BRIEF DESCRIPTION OF THE DRAWINGS
[0028] The above and other aspects, features and advantages of the
present invention will be more apparent from the following detailed
description taken with reference to the accompanying drawings, in
which:
[0029] FIG. 1 is a perspective view of a prior art cyclone dust
collecting apparatus;
[0030] FIG. 2 is a perspective view of a filter assembly employed
by the prior art cyclone dust collecting apparatus of FIG. 1;
[0031] FIG. 3 is a cross-section view of a cyclone dust collecting
apparatus according to an exemplary embodiment of the present
invention;
[0032] FIG. 4 and FIG. 5 are each a front view and a plan view of
the filter assembly employed by the dust cyclone dust collecting
apparatus of FIG. 3;
[0033] FIG. 6 is a cross-sectional view of a multi-clone dust
collecting apparatus employing the filter assembly of FIG. 4 and
FIG. 5;
[0034] FIG. 7 is a front view of the filter assembly according to
another embodiment of the present invention;
[0035] FIG. 8 is a plan view of the filter assembly of FIG. 7;
[0036] FIG. 9 is a front view of the filter assembly according to
yet another embodiment of the present invention; and
[0037] FIG. 10 is a plan view of the filter assembly of FIG. 9.

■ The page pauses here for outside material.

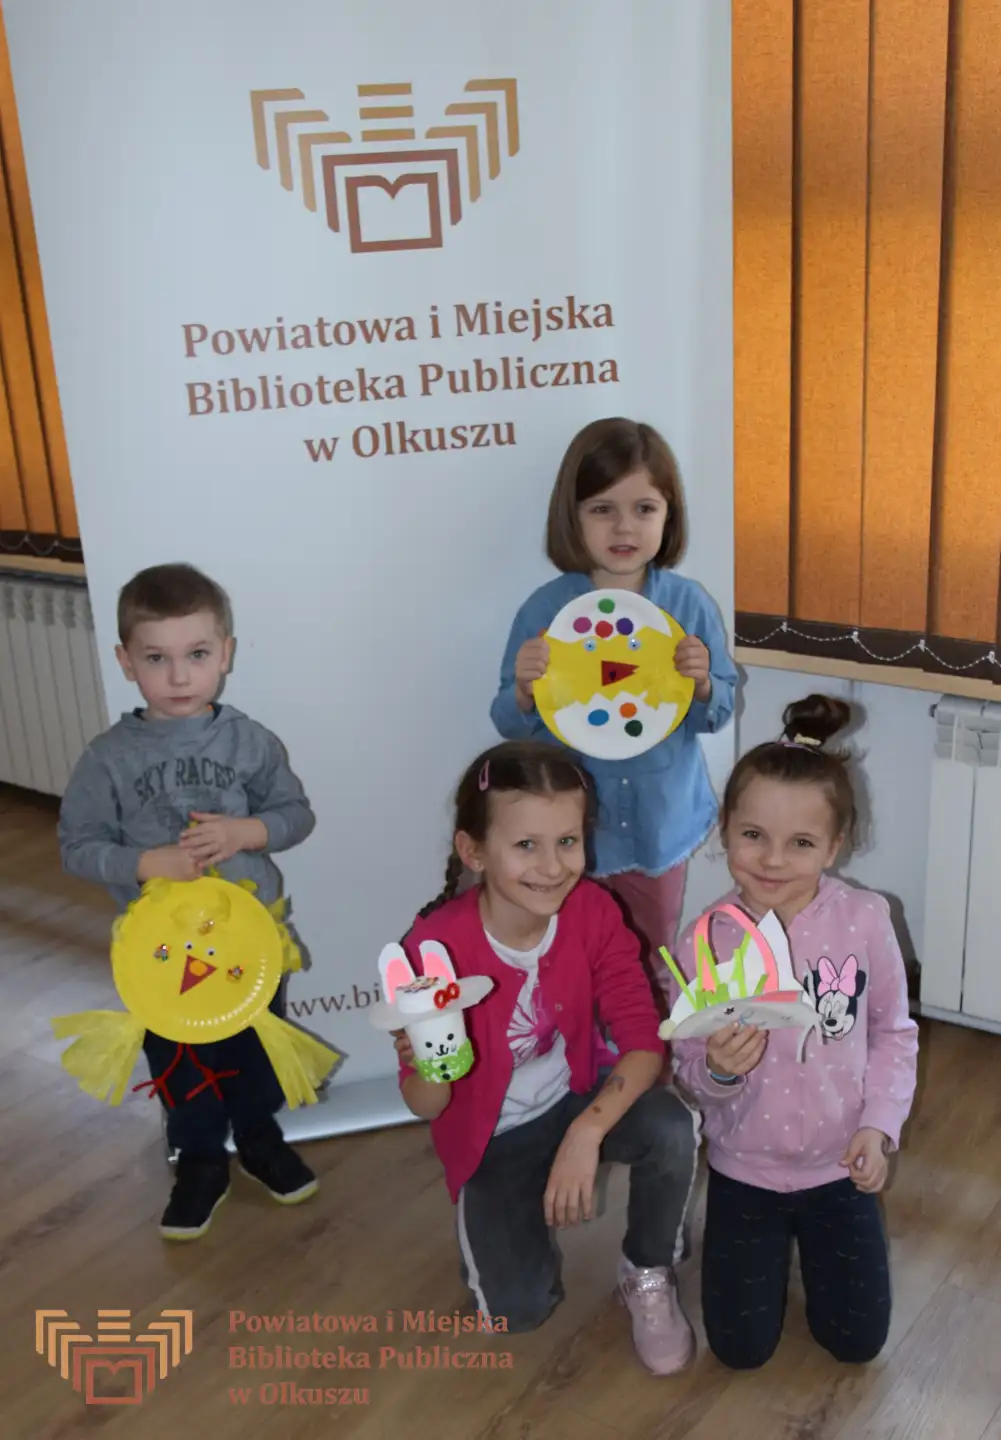 Czwórka dzieci stoi przed szyldem PiMBP w Olkuszu i pozuje do zdjęcia. Dzieci trzymają samodzielnie zrobione prace plastyczne nawiązujące do Wielkanocy.
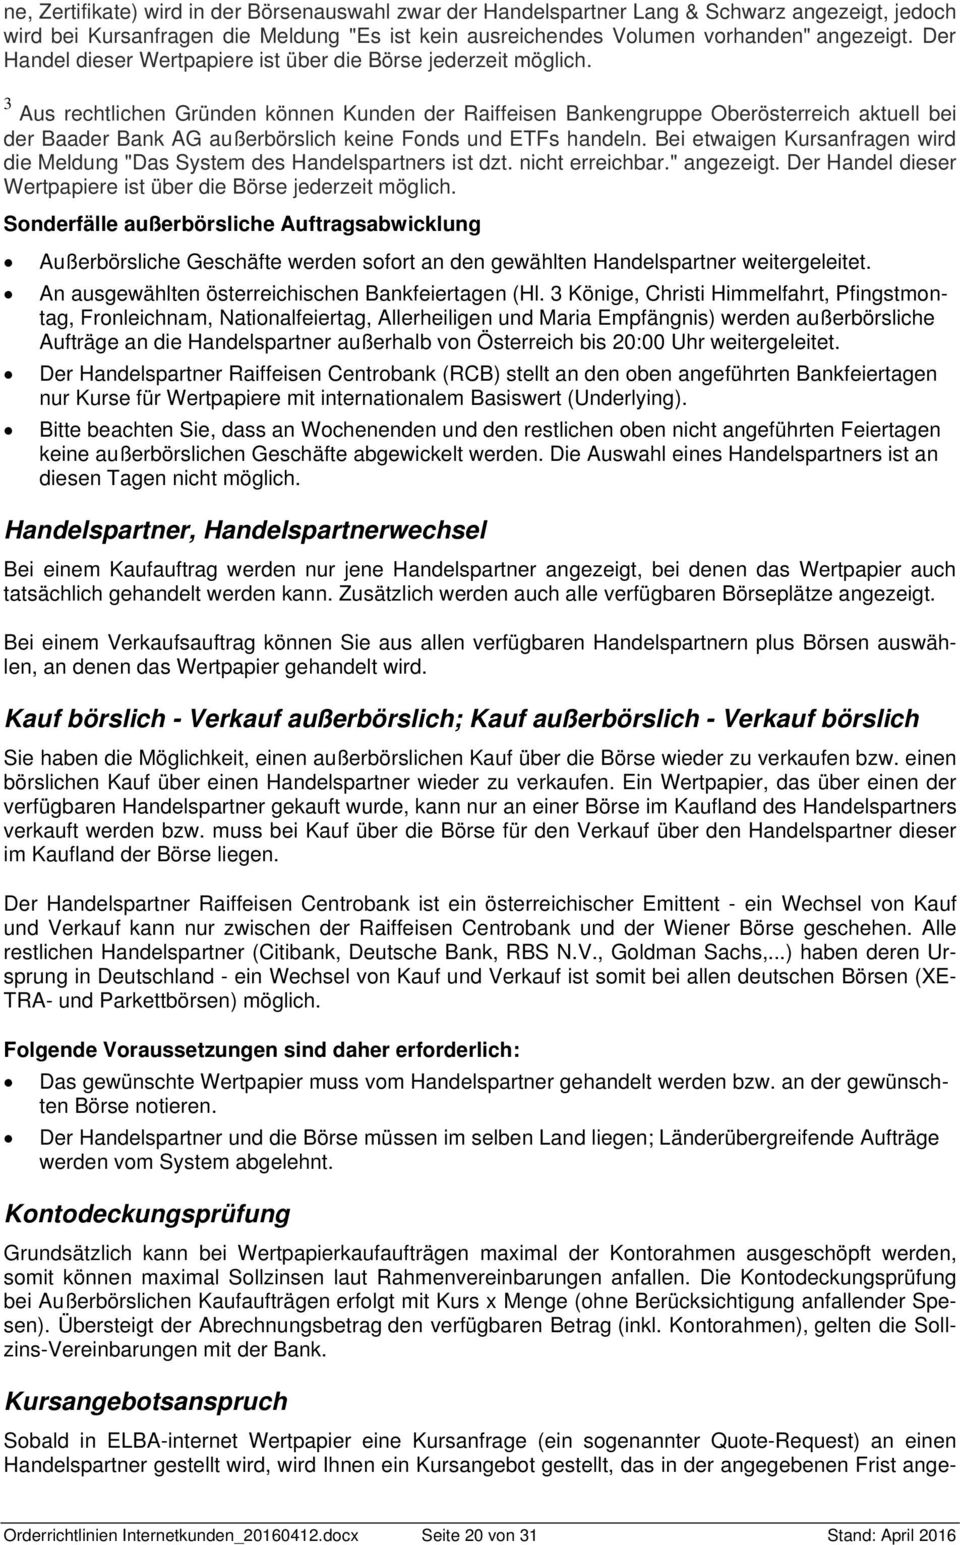 3 Aus rechtlichen Gründen können Kunden der Raiffeisen Bankengruppe Oberösterreich aktuell bei der Baader Bank AG außerbörslich keine Fonds und ETFs handeln.

DETAILED DESCRIPTION OF THE EXEMPLARY EMBODIMENTS
[0038] Certain embodiments of the present invention will be
described in greater detail with reference to the accompanying
drawings.
[0039] In the following description, same drawing reference
numerals are used for the same elements even in different drawings.
The matters defined in the description such as a detailed
construction and elements are nothing but the ones provided to
assist in a comprehensive understanding of the invention. Thus, it
is apparent that the present invention can be carried out without
those defined matters. Also, well-known functions or constructions
are not described in detail since they would obscure the invention
in unnecessary detail.
[0040] FIG. 3 is a view of a cyclone dust collecting apparatus 100
employing a filter assembly according to an embodiment of the
present invention. The cyclone dust collecting apparatus 100
comprises a cyclone body 110, a contaminant receptacle 120, and a
filter assembly 130 provided in the cyclone body 110.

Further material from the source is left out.